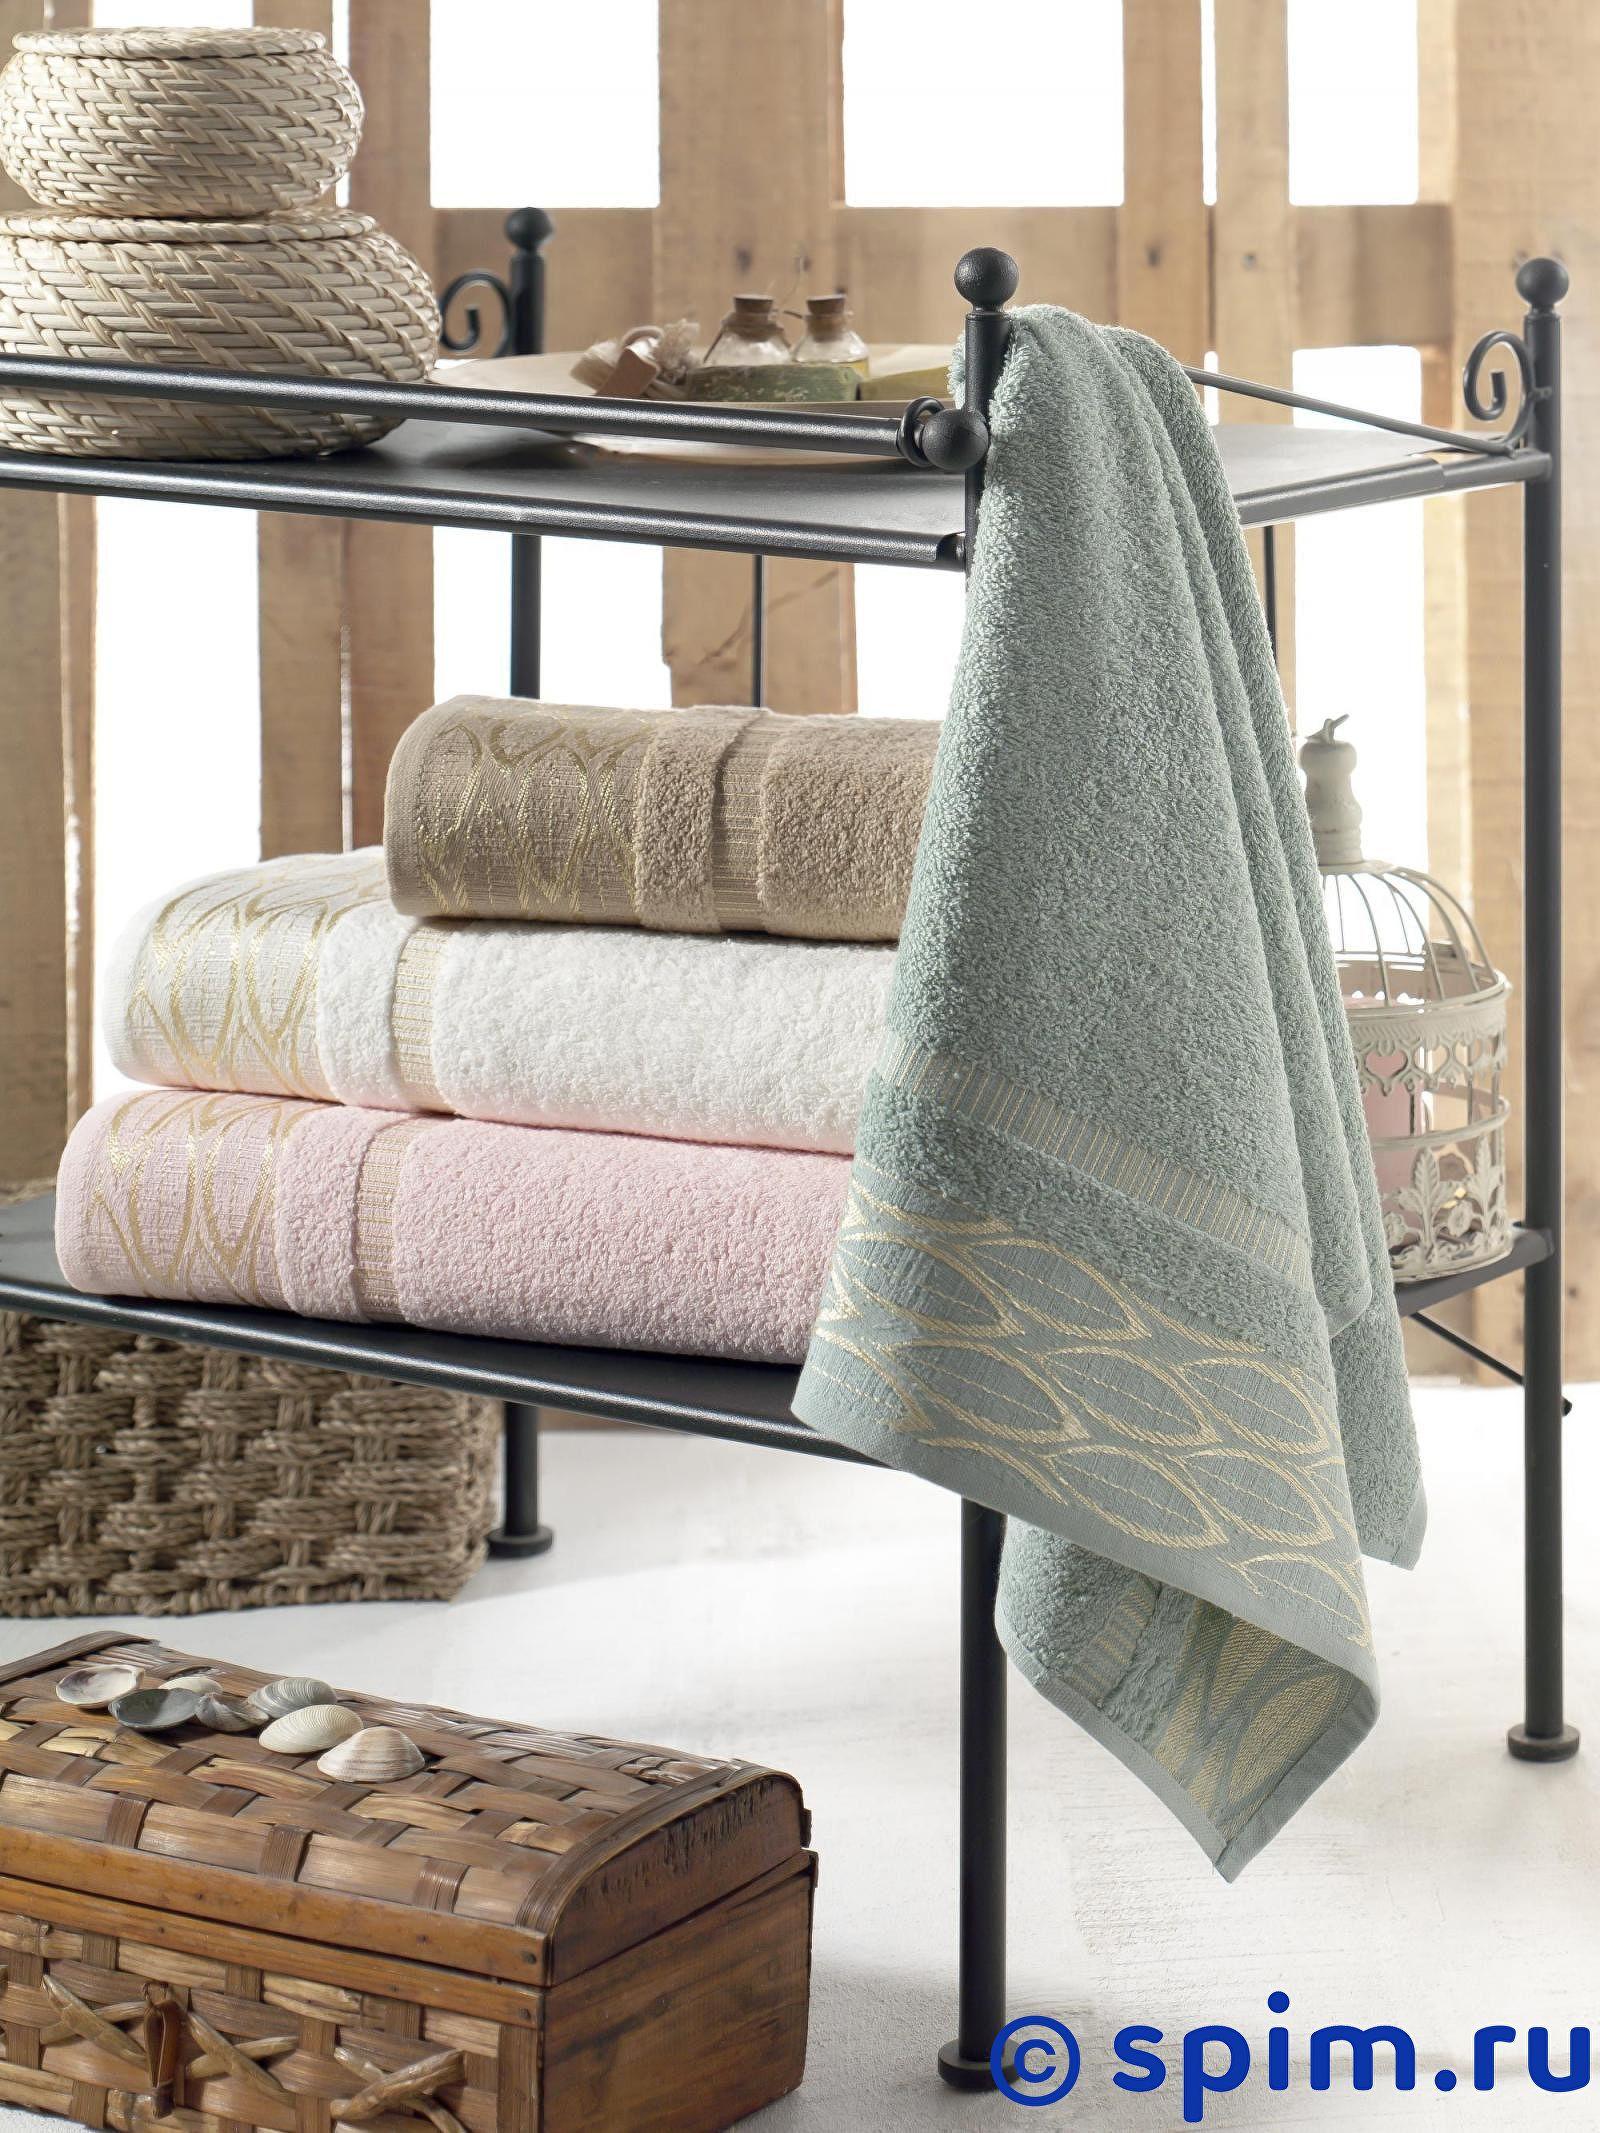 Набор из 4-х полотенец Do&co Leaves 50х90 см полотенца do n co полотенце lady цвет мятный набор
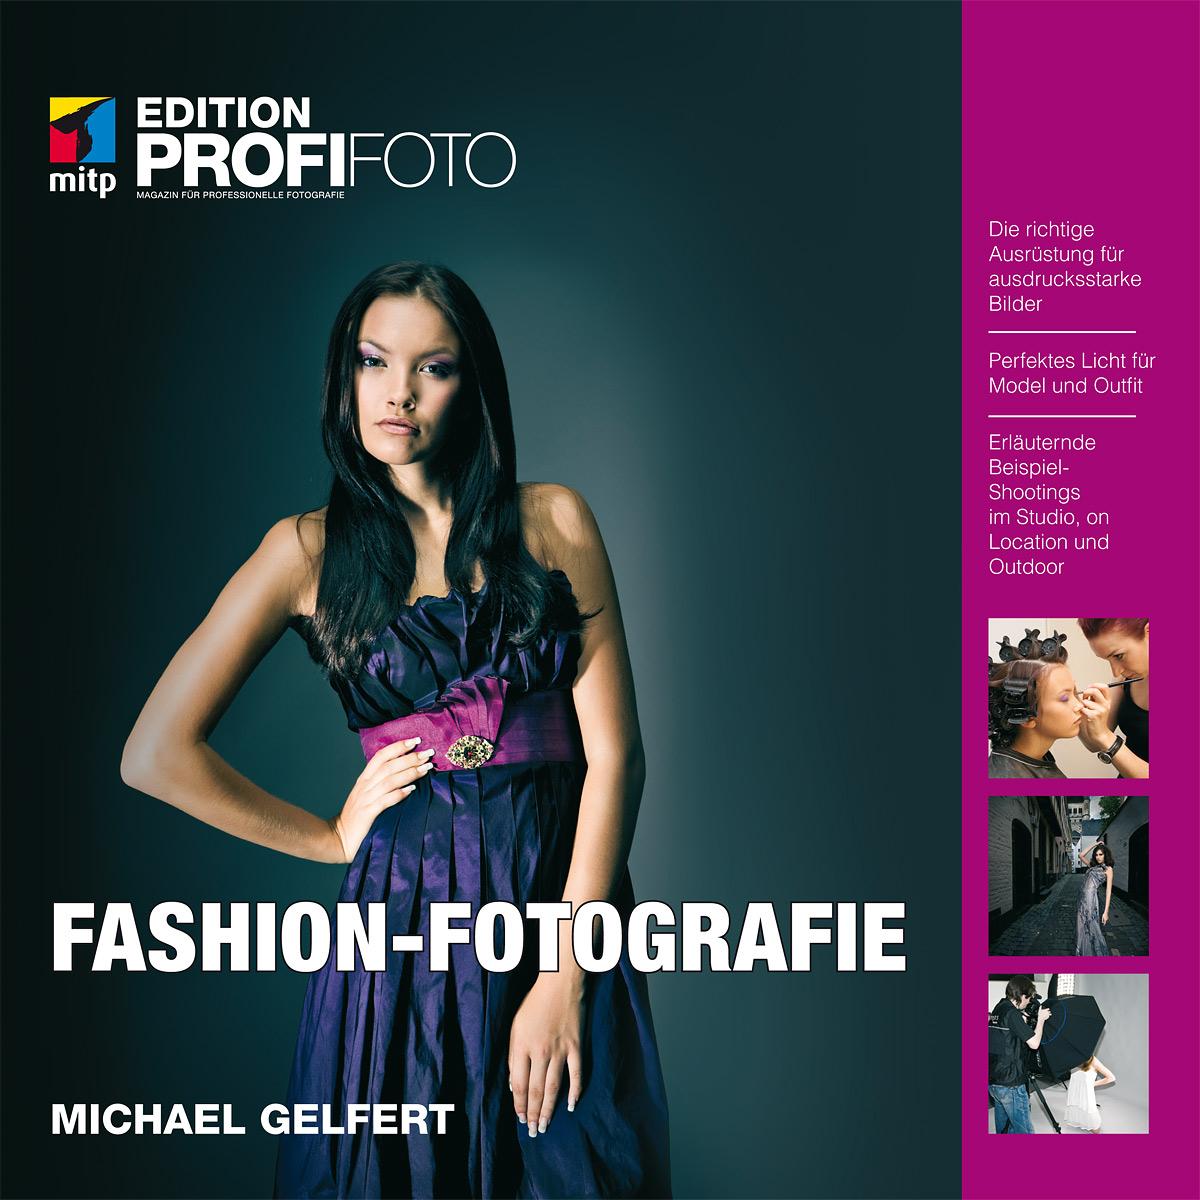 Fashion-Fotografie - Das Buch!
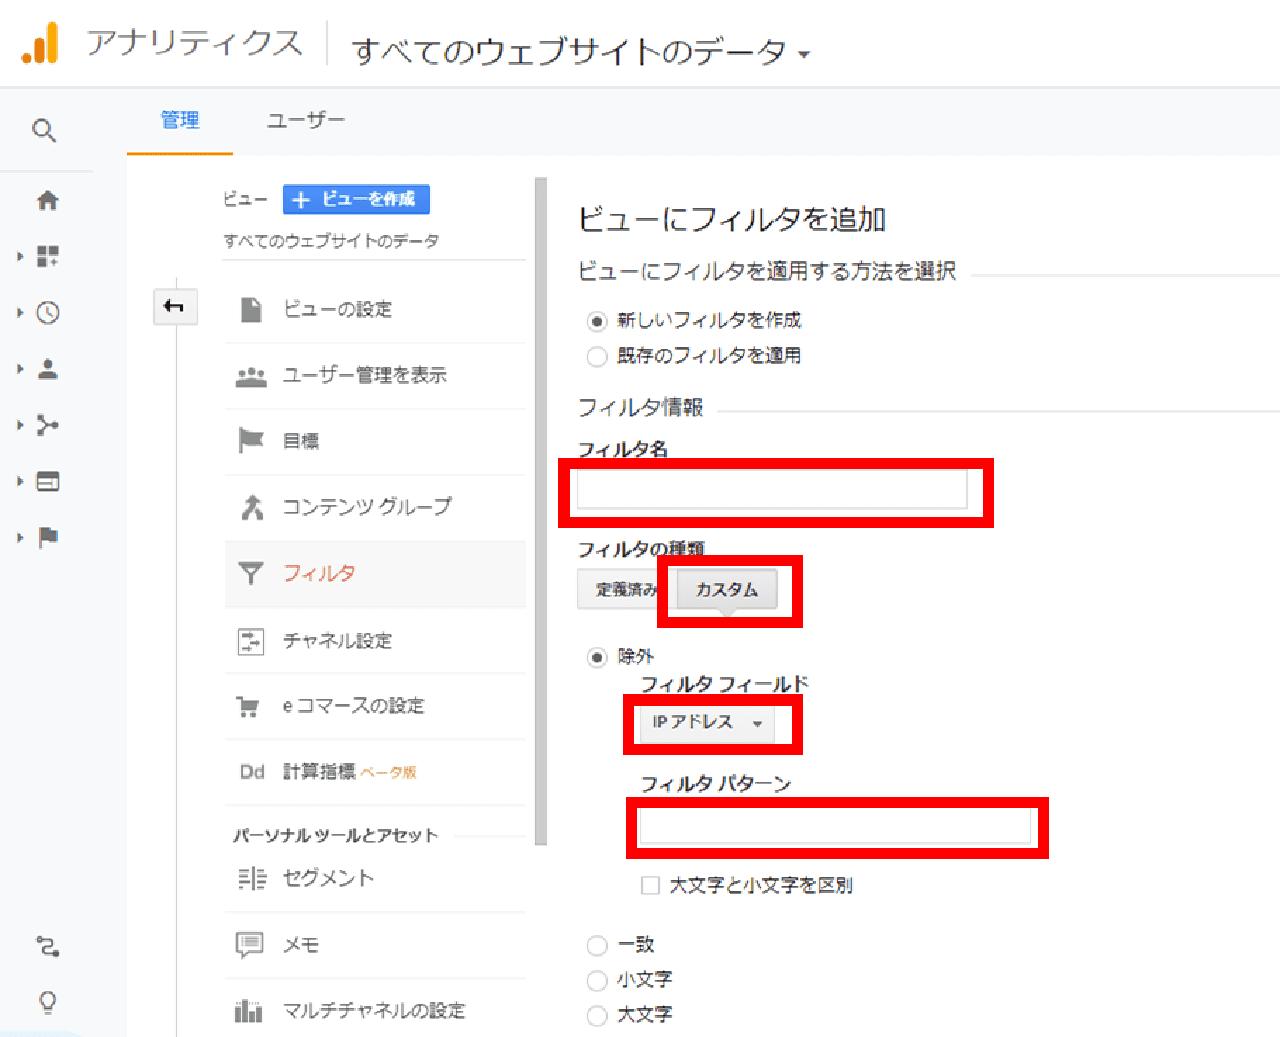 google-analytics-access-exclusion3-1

★ ★ ★ ★ ★

» **Directions**
Retype, exactly as written, each line from the one containing "Fashion-Fotografie - Das Buch!" through the end of the data above, and leave out every picture.

» **Solution**
 Fashion-Fotografie - Das Buch!
 google-analytics-access-exclusion3-1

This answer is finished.